Твои письма ясно сказали мне, что страдания облегчаются возможностью удалиться от места наших несчастий, возможностью жить среди других людей. Господи! Не могу даже описать, как я завидовала Гице, когда он собрался уезжать! Василе, дорогой, ведь вокруг себя я вижу огромное кладбище. Родители, сестры, все люди в Вэлень кажутся мне призраками, которые вышли из могил на прогулку! Каждый день без устали я пишу письма, и только они помогают мне превозмочь жестокий страх. Завидую я и тебе, потому что тебе посчастливилось сблизиться с семьей священника. А до сих пор я только радовалась, что в лице домнишоары Лауры ты нашел себе добрую знакомую.

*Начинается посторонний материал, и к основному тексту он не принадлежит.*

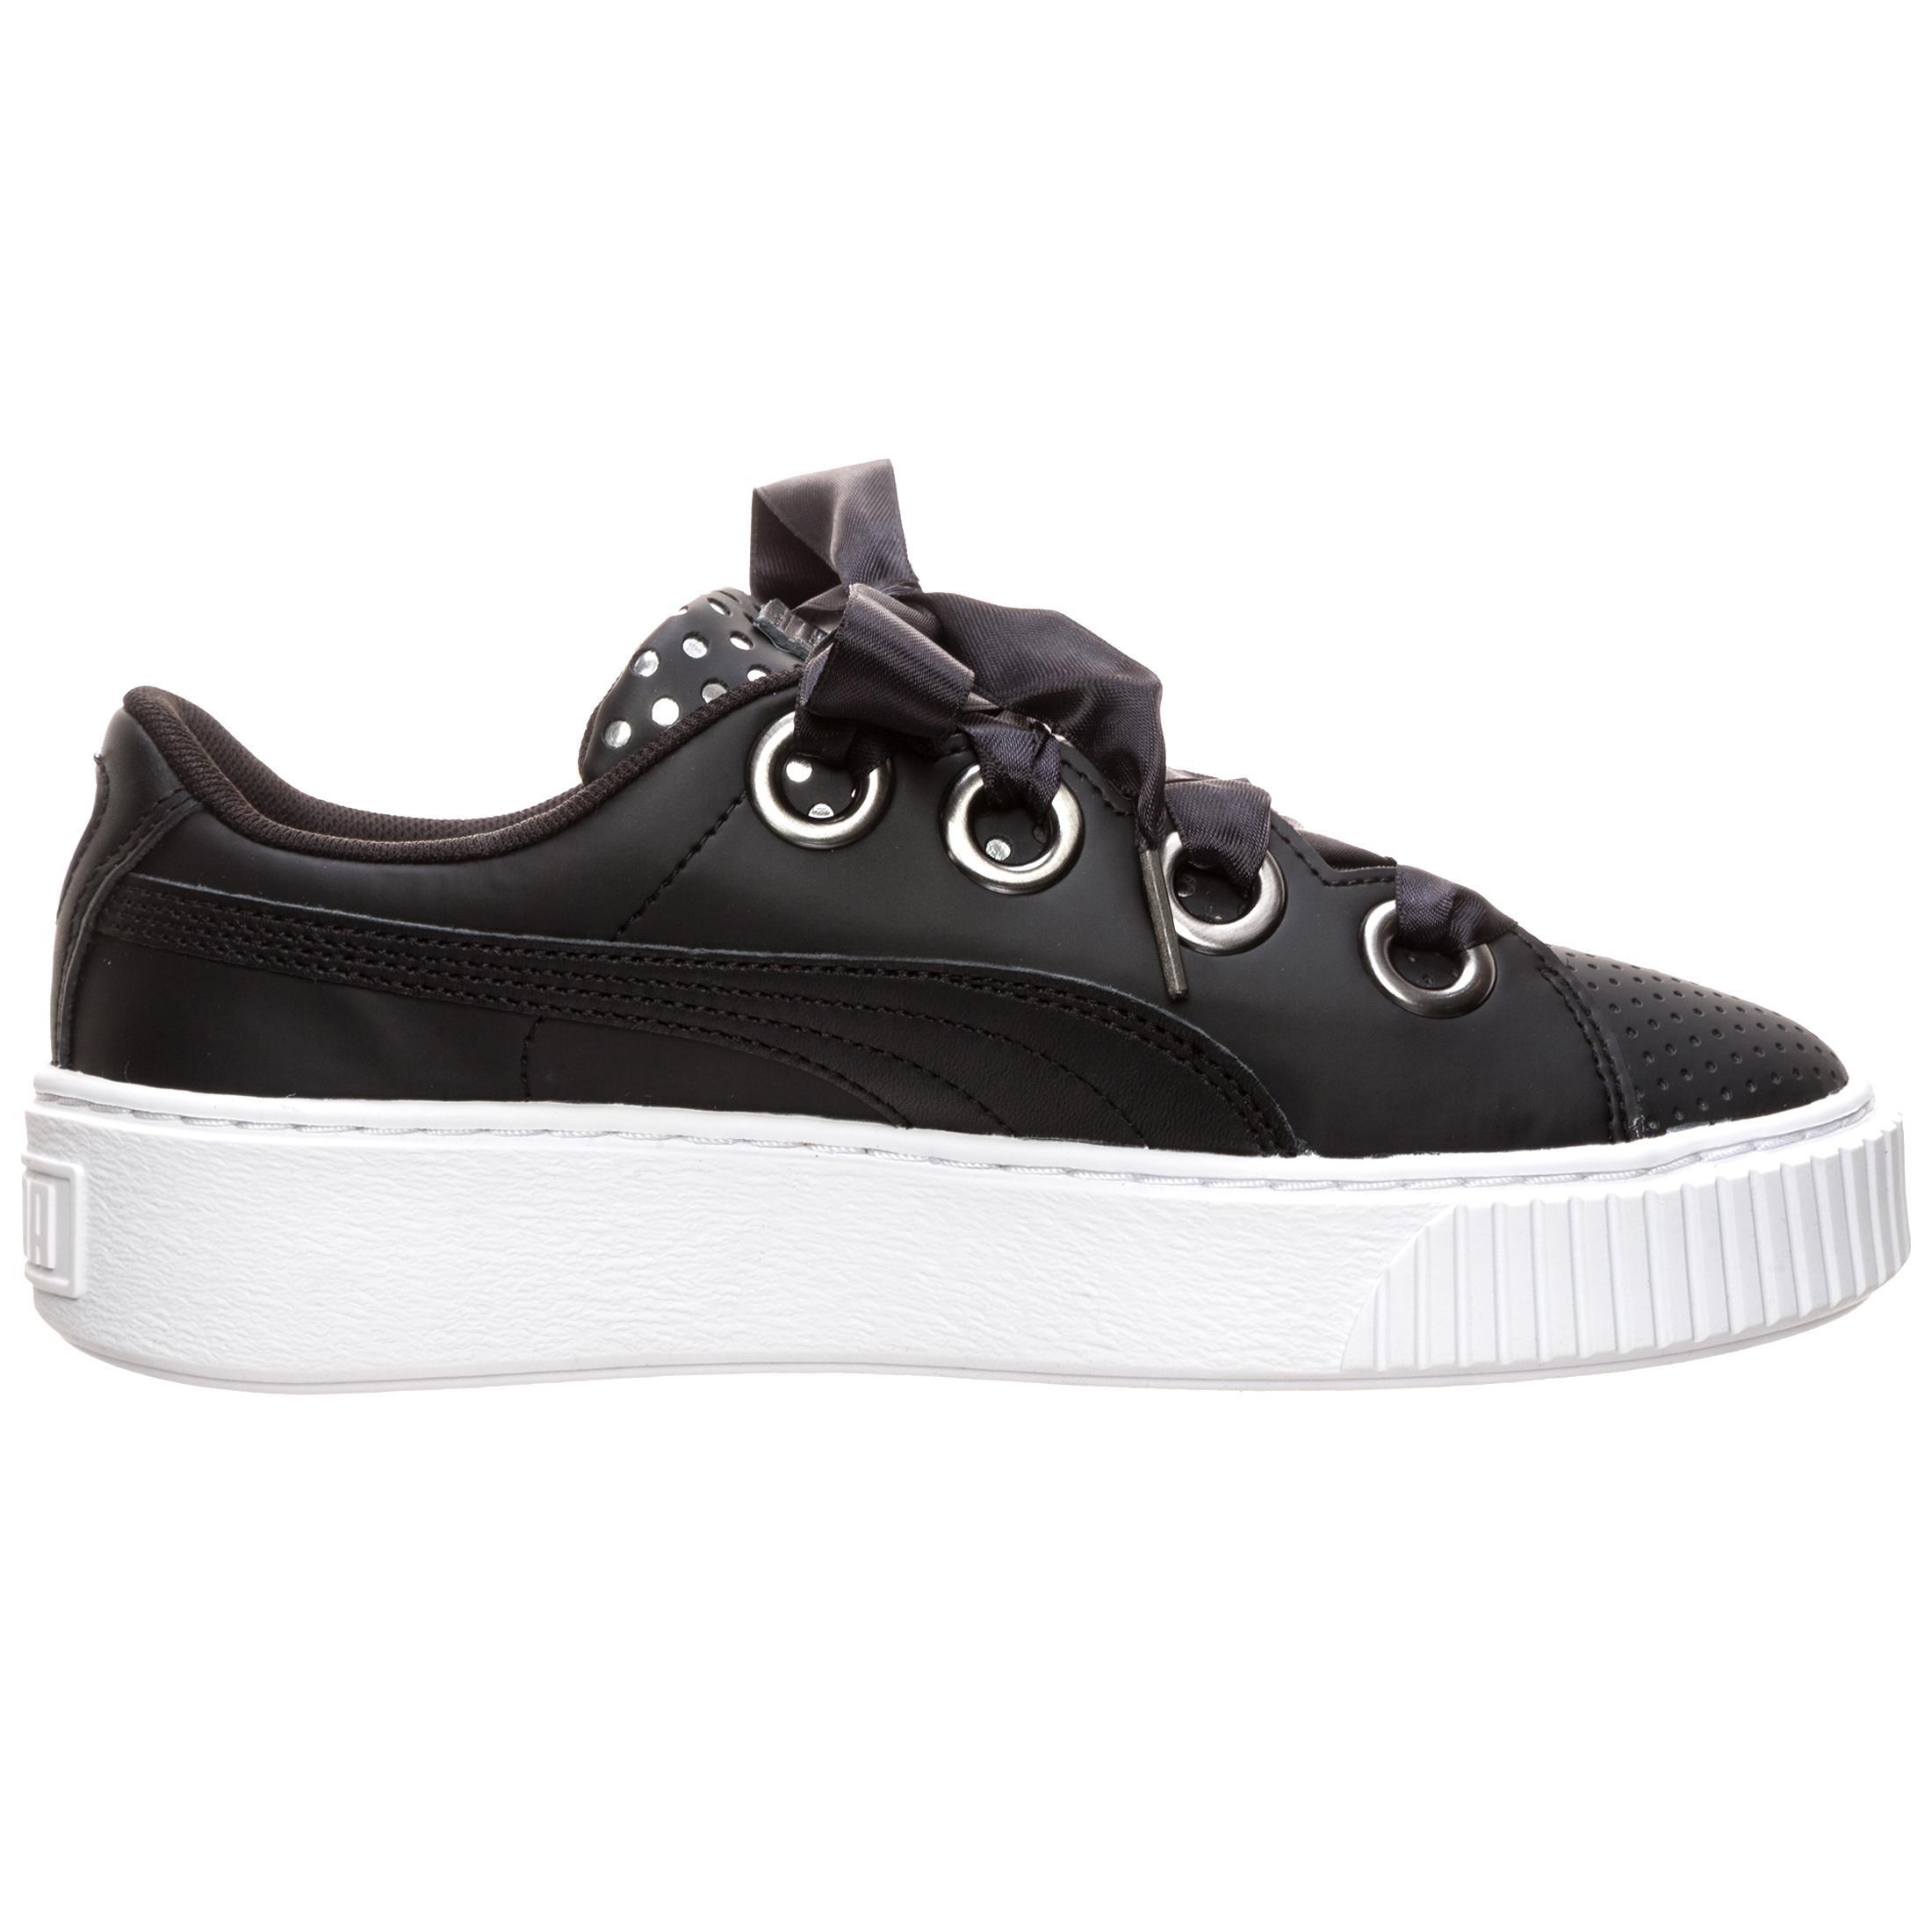 PUMA Platform Kiss Ath Lux Sneaker Damen schwarz schwarz schwarz / silber im Online Shop von SportScheck kaufen Gute Qualität beliebte Schuhe a8946d

Я говорила себе: пусть дни разлуки он проводит весело. Ведь и у меня был мой Гица! Ты даже не представляешь, каким бесценным другом был мне любимый брат! С ним я легко терпела свое положение, которое теперь мне кажется непереносимым. Когда рядом был Гица, я не замечала презрительных взглядов сестер, делала вид, что не слышу злых намеков отца. Как ни тяжело жаловаться на своих близких, однако иначе я не могу. И не могу понять, почему они так плохо обращаются со мной, будто я нищенка, которую держат в доме из милости. Я не могу понять их, потому что думаю и чувствую совсем иначе, чем они! По-моему, каждый человек, даже самый последний нищий, имеет право на собственное мнение, на собственное понимание жизни. Почему же меня лишают этого права? И если они не могут примириться с моим образом мыслей, то должны, по крайней мере, сдерживаться, а не показывать, как дурно они обо мне думают. Я бы внимания не обратила на все их выходки, будь рядом со мною Гица. Какая нежданная сила вливалась мне в душу, когда он говорил: „Мы победим, Эленуца, не теряй мужества! Василе – человек достойный, так будем надеяться, что родители еще переменят свое решение. Пройдет белая зима, минует цветущая весна, а там…“

Кто теперь утешит меня? Я – одна. Всегда и всюду наедине с собой… И меня одолевают сомнения… Нет, дорогой Василе, жить куда легче, когда с тобой рядом искренне расположенный к тебе человек. Я уверена, что ты заменишь мне Гицу, да и он тоже не лишит меня своей поддержки. Но рядом со мною нет теперь никого-никого!

Ты не оставишь меня, мой дорогой. Теперь ты уже никогда меня не покинешь. Сердце мое замкнуло тебя в себе навек, на все мгновенья нерадостной бесконечности! Я буду непрестанно думать о тебе, буду вспоминать все, о чем мы говорили, все, что ты мне сказал! Я буду закрывать глаза и видеть твою улыбку, глаза мои погрузятся в твои глаза. Я буду перечитывать твои письма, чтобы чувствовать, что ты рядом!..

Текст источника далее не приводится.